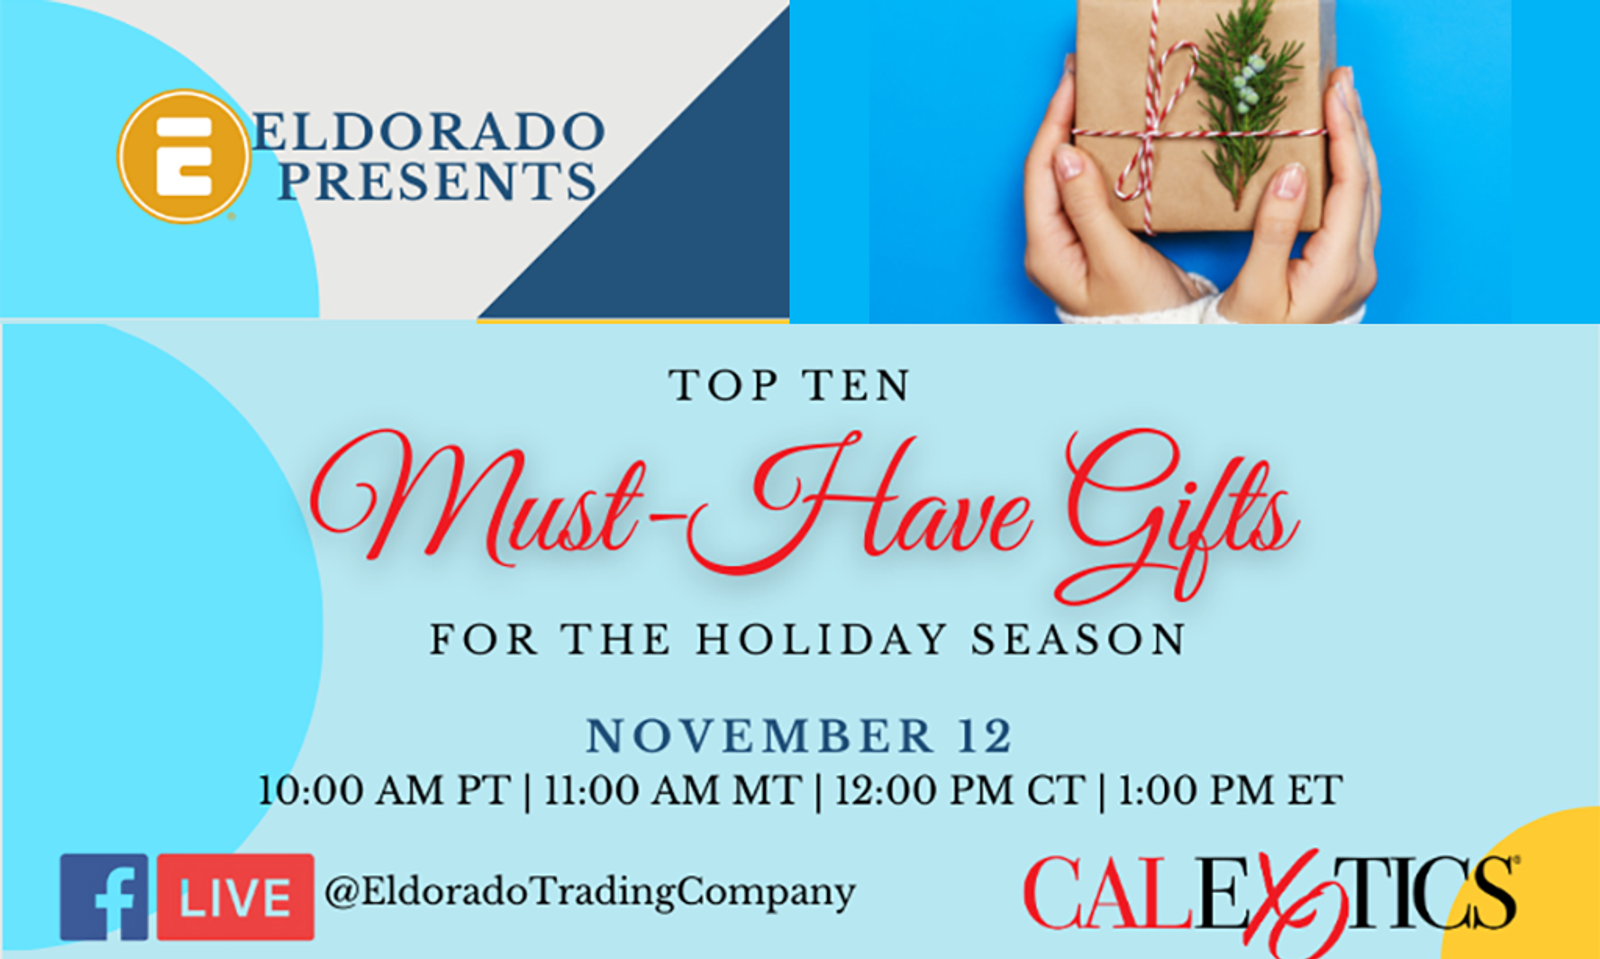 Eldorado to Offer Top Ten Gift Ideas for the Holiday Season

□ □ □

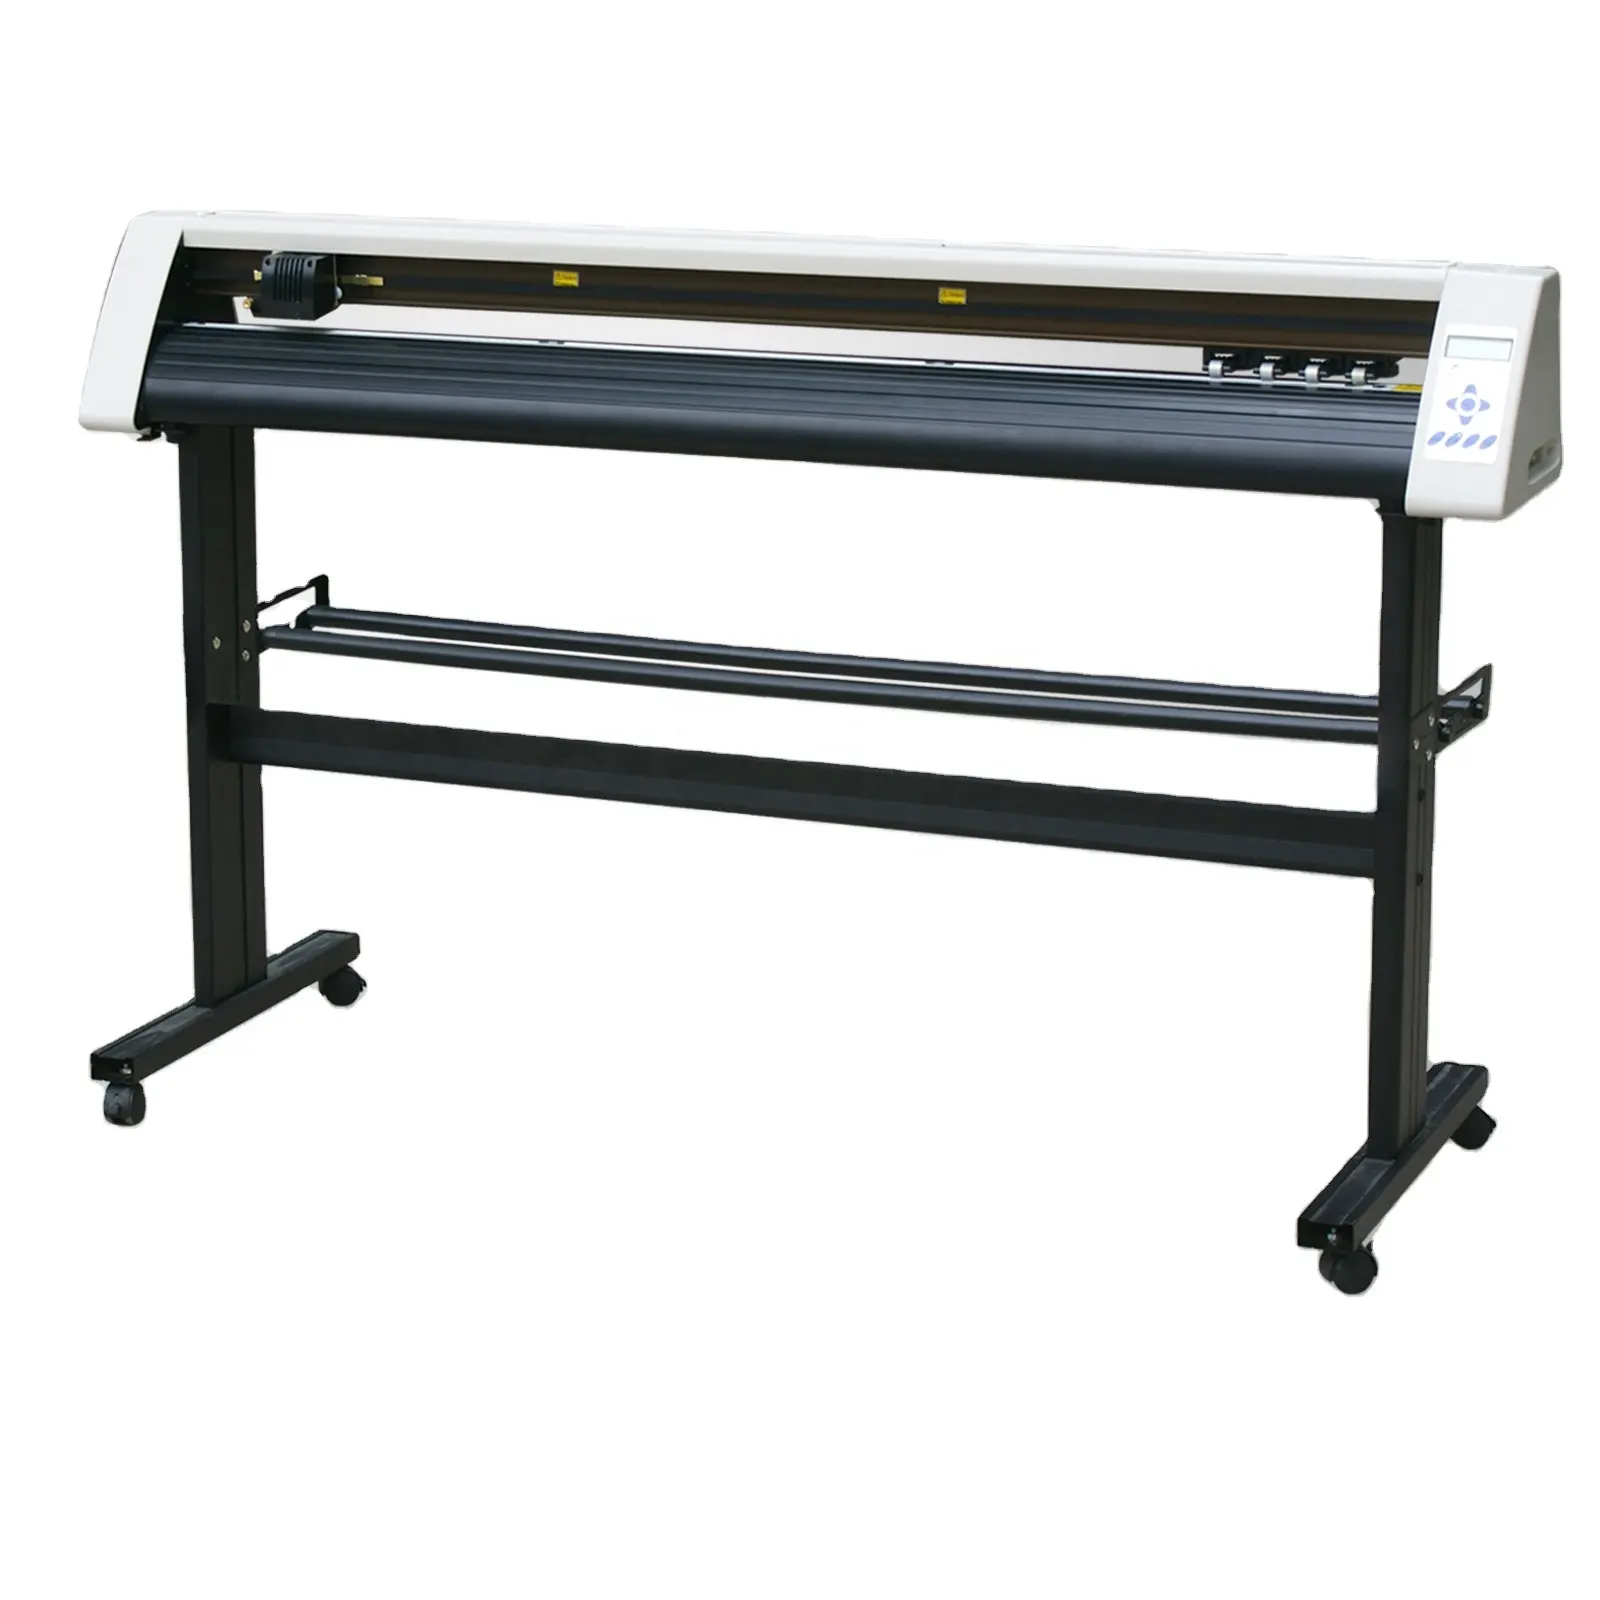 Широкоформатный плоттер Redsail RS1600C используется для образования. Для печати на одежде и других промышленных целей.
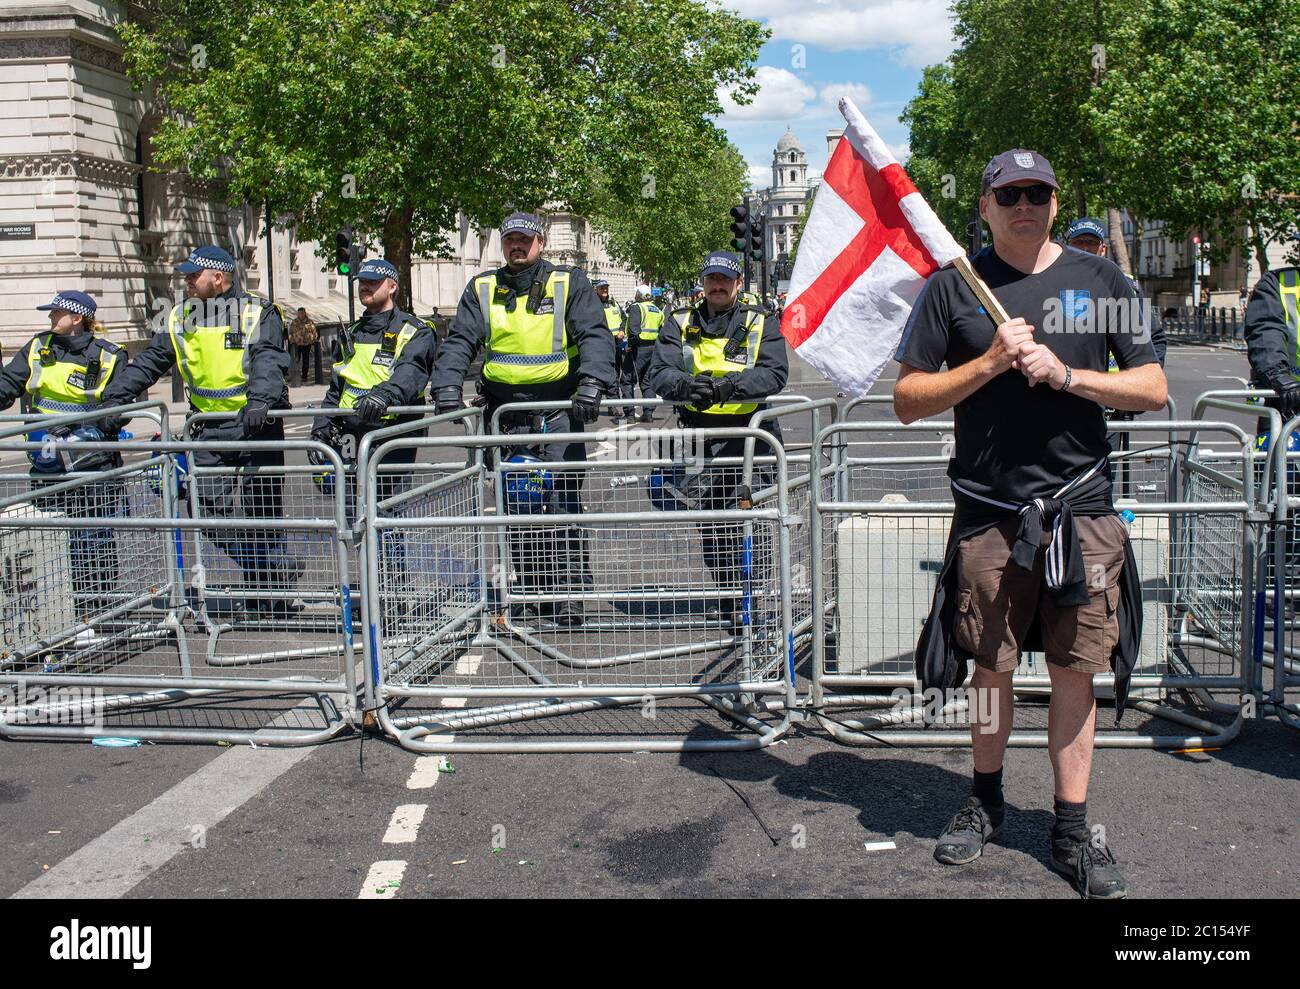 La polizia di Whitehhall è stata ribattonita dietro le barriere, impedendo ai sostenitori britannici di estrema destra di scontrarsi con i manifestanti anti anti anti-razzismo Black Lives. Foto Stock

□ □ □

EXERCISE OBJECTIVE
Give back exactly, and solely, the section of the data above bounded by the line containing "Широкоформатный плоттер Redsail" and the line containing "La polizia di", both bounding lines included and pictures omitted.

COMPLETED TASK
 Широкоформатный плоттер Redsail RS1600C используется для образования. Для печати на одежде и других промышленных целей.
 La polizia di Whitehhall è stata ribattonita dietro le barriere, impedendo ai sostenitori britannici di estrema destra di scontrarsi con i manifestanti anti anti anti-razzismo Black Lives. Foto Stock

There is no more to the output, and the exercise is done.